Your goal:
The answer must consist solely of the lines below starting at the one containing "Mercedes AMG GT" and ending at the one containing "Coloring book happy rabbit for kids", repeated exactly, with both ends included and all pictures omitted.

Record set:
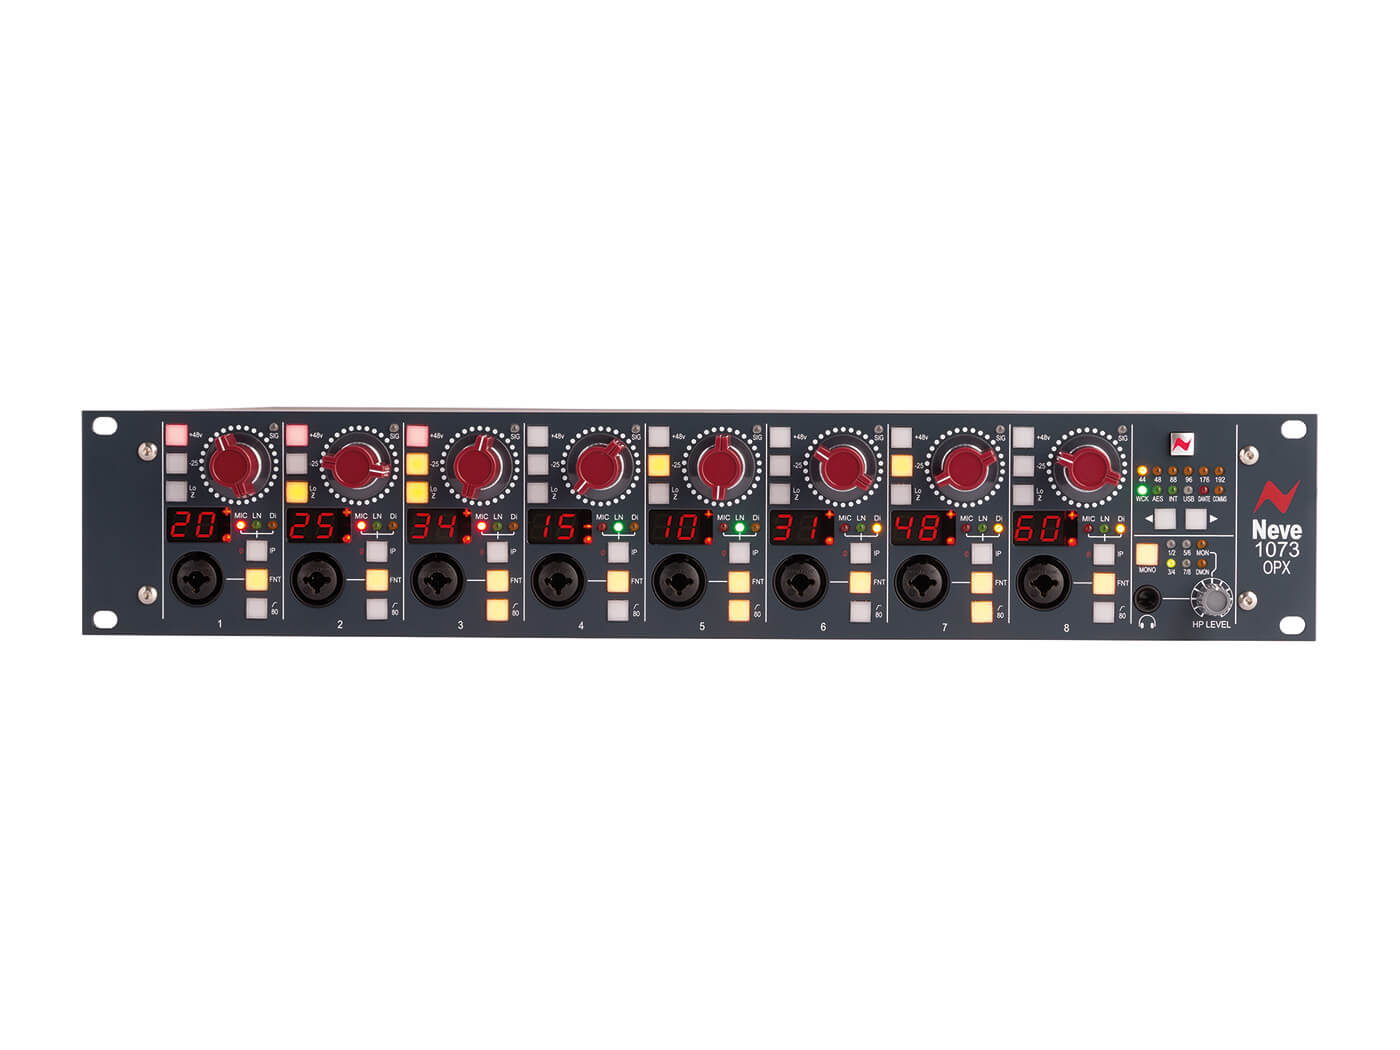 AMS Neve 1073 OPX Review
...
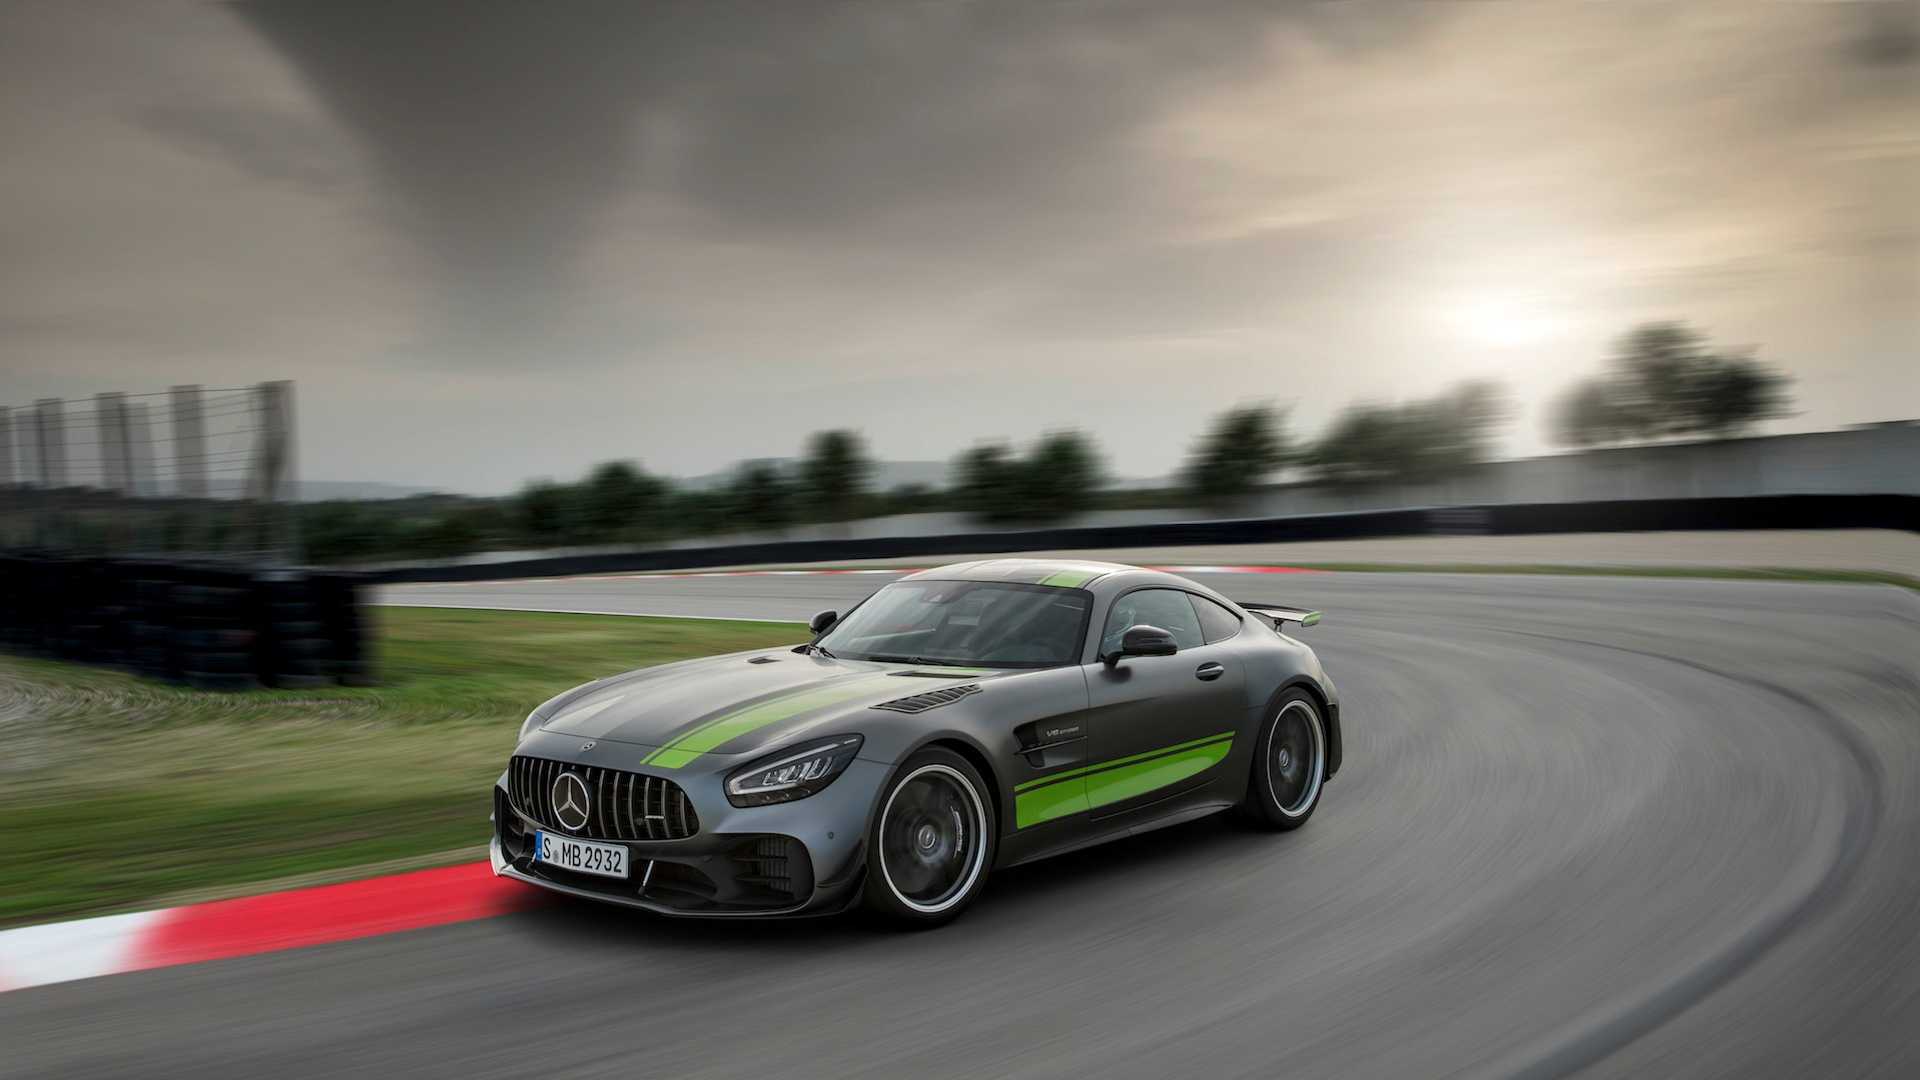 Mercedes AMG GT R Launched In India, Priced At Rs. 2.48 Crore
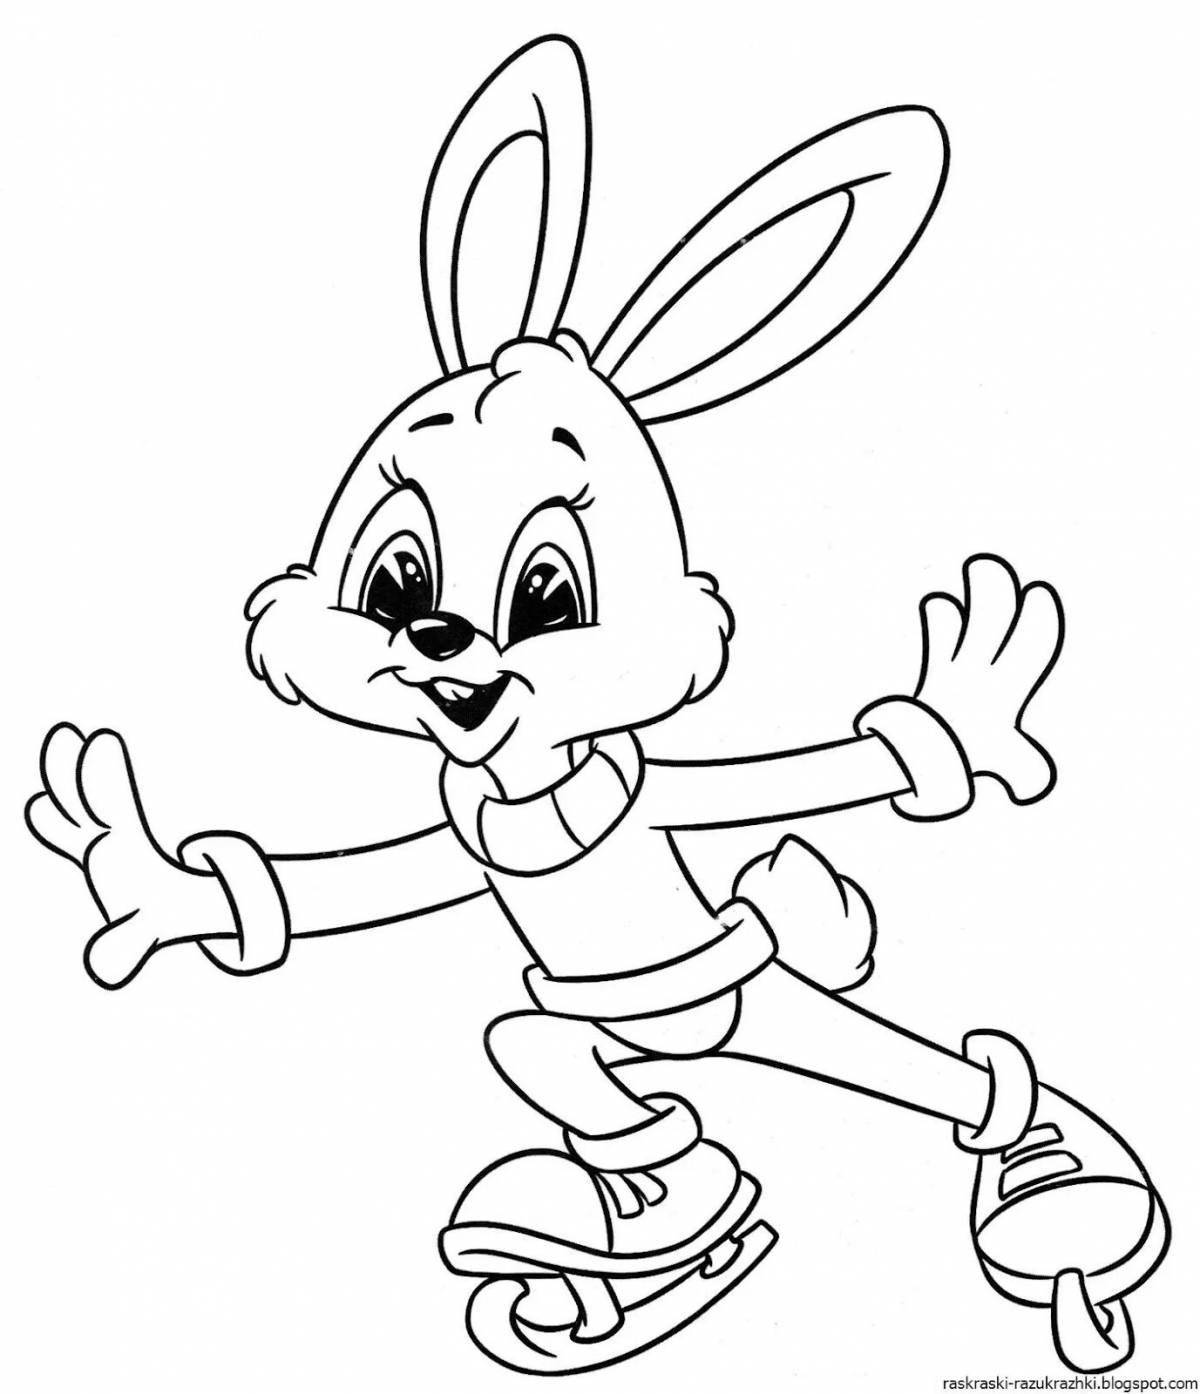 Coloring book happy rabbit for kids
==
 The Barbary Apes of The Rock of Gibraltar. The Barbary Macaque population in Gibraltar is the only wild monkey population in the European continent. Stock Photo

Solution below:
 Mercedes AMG GT R Launched In India, Priced At Rs. 2.48 Crore
 Coloring book happy rabbit for kids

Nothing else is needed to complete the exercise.